As seen in Figure 1, there are a variety of topics that have been covered in the public comment sections of school board meetings. A reasonable interpretation of those topics in their order of priority (doc_weight_sum) are as follows: Topic 00 consists of General School Topics; Topic 03 contains Mask Mandates/COVID-19; Topic 07 focuses on School Operations; Topic 01 includes School Staffing Problems; Topic 02 involves Community Member Rights; Topic 06 embodies "Critical Race Theory"; Topic 04 covers LGBTQ+ Issues; Topic 08 encompasses School Extracurriculars; Topic 09 entails Assessments and Performance; and Topic 05 highlights History and Invoking the Founding of the U.S. Although there initially appears to be a diversity in the topics covered, the topics appear to be a lot more similar across documents than the actual topic words employed.

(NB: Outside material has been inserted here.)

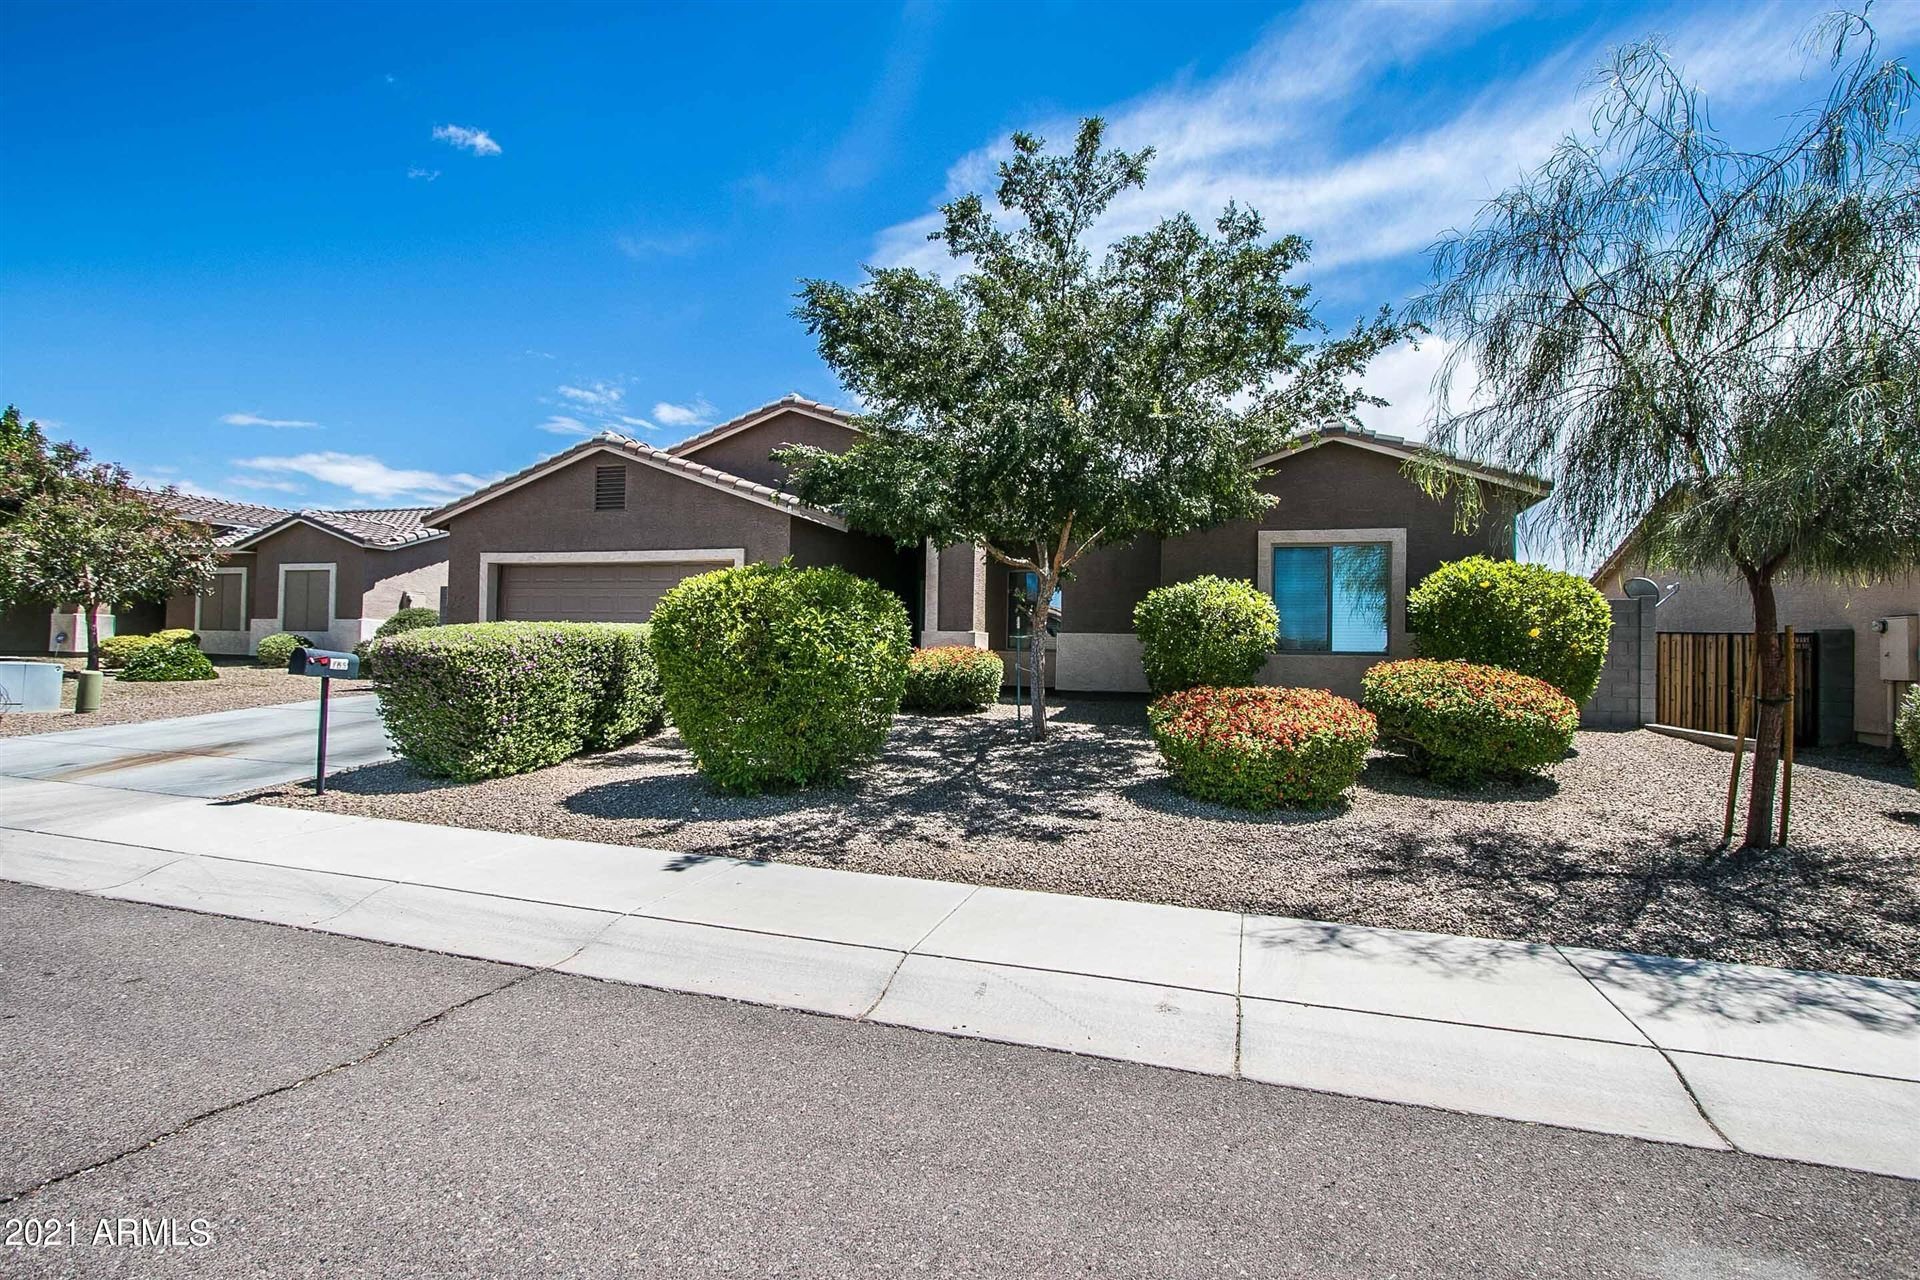 Photo of 1733 S PENSTEMON Drive, Apache Junction, AZ 85120 (MLS # 6230119)
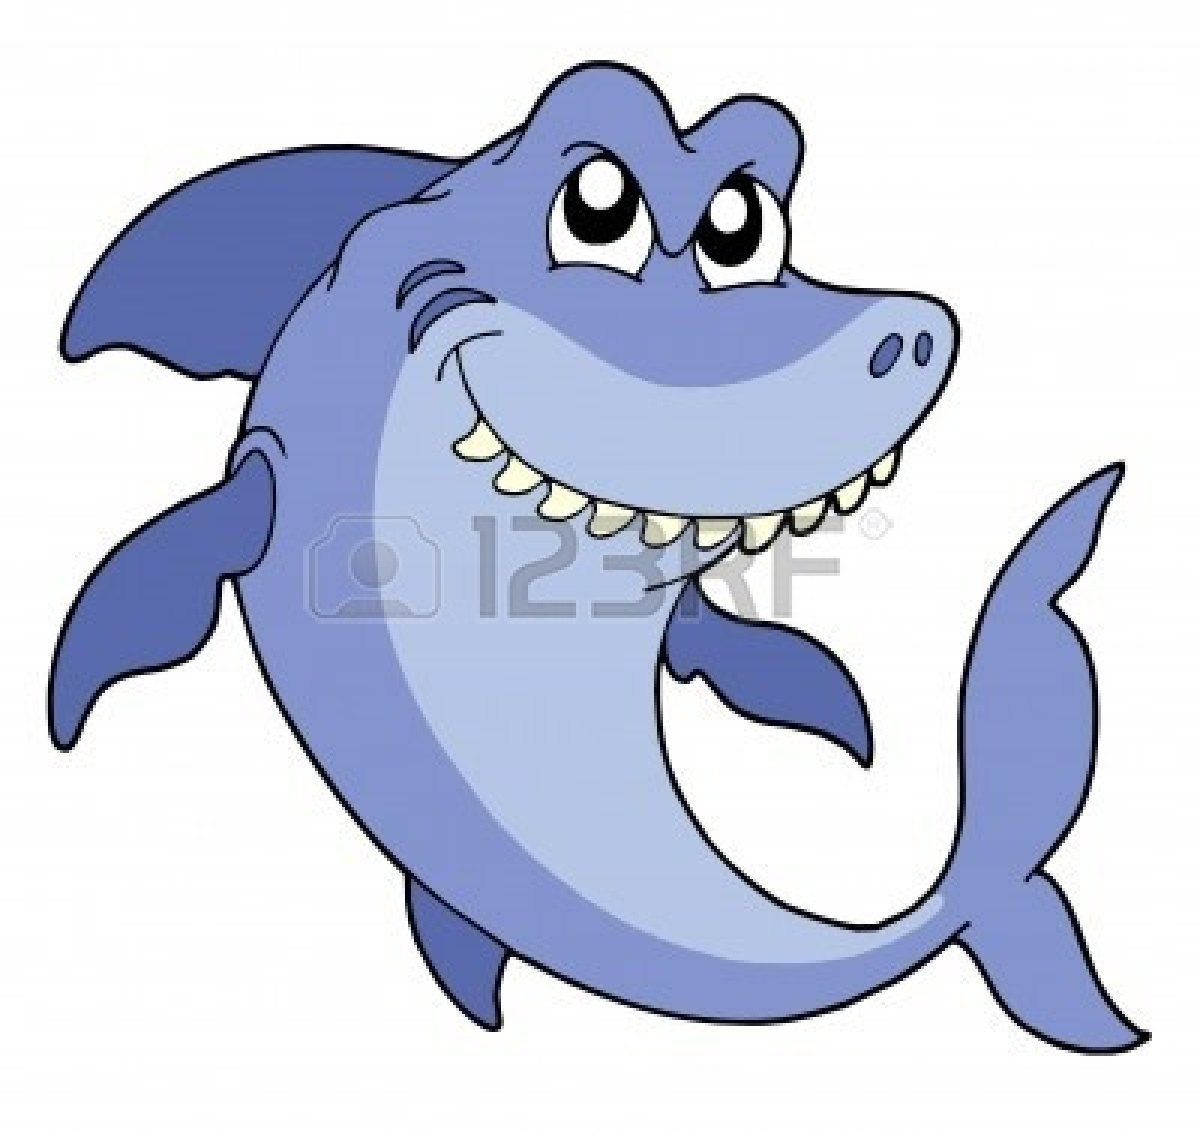 Smiling Shark Clipart | Clipart Panda - Free Clipart Images for Smiling Shark Clipart  131fsj

In particular, Figures 2 and 3 both explicitly identify LGBTQ+ Issues (T04) and History/Invoking the Founding of the U.S. (T05) as tightly connected along with Assessments and Performance (T09) and School Operations (T07). Although the Topic Similarity approach in Figure 2 places both Community Member Rights (T02) and "Critical Race Theory" (T06) at opposite ends of the hierarhical agglomerative cluster tree, the Topic Contiguity correlations appears to draw a moderately positive correlation with Topics 2 and 4 to 9. One interpretation may be that community members (particularly parents) believe that they have the right to impose their views on a range of topics such as LGBTQ+ Issues, Critical Race Theory, School Operations, School Extracurriuculars, as well as Assessments and Performance. These community members may invoke the Founding Fathers to justify their rights to do so. This tight connection of documents that discuss these topics may be indicative of all of the points of contentions are actually intricately connected. The remaining topics across documents such as General School Topics, School Staffing Problems, and Mask Mandates may ultimately serve as distinctive issues of prioritization for various school board meetings.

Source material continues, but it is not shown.